Santa Maria Refining Company, Santa Maria, California, was also put on probation for three years for violating the Safe Drinking Water Act.

Three employees have also pleaded guilty to making false statements to the US Environmental Protection Agency (EPA) in connection with the case.

They are facing sentence of up to five years in jail.

EPA and Department for Justice investigators found the company, a subsidiary of Greka Energy Corporation, had disposed of contaminated wastewater in wells putting groundwater supplies at risk.

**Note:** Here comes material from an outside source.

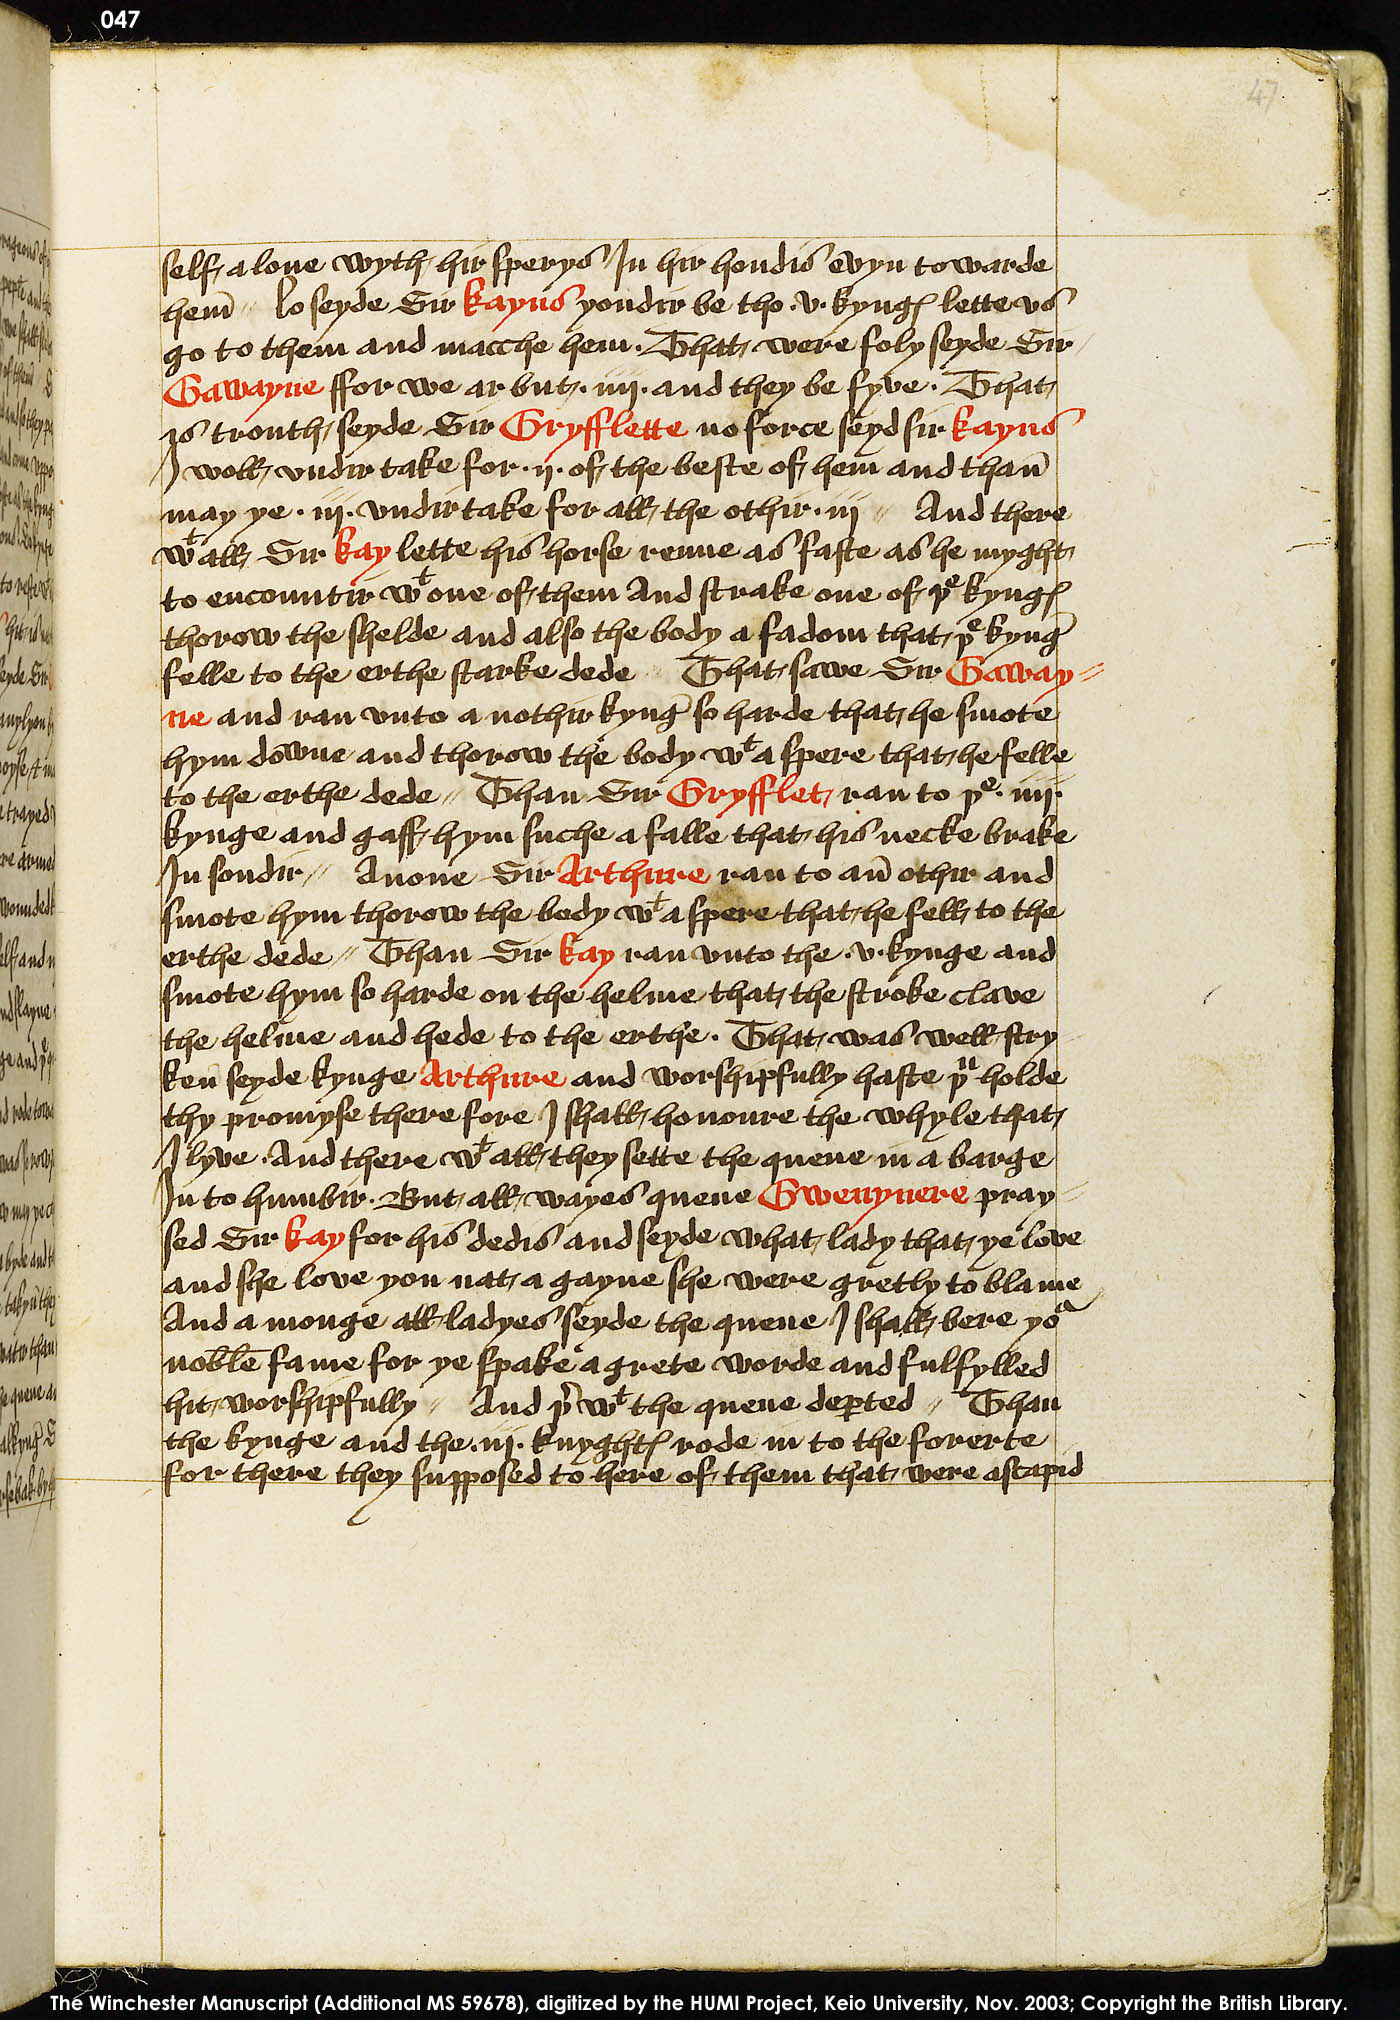 Folio 47r

The wastewater contained benzene, which can cause cancer, anaemia, heavy bleeding and harm the immune system.

The company pleaded guilty in April and was ordered to put half the $1 million penalty towards the Los Padres National Forest Restoration Project by a district court in California.

It was also sentenced for making false statements to the EPA and ordered to pay the agency $15,500.

And it must submit to an independently audited environmental compliance programme.

The EPA has been investigating allegations Greka officials knowingly and routinely discharged oil refinery waste into the underground “injection wells” since April 2004

The wells are only meant to be used to dispose of brine – used to separate crude oil during the refining process.

Last June it fined Greka’s Santa Maria facility $127,500 for unauthorized disposal. The refinery is at the smaller end of the scale.

Figures from last year show it has a capacity of some 9,500 barrels of crude oil a day compared to others under the Chevron and BP banners with capacities of around 250,000.

California’s refineries process a total of about two million barrels of petroleum a day.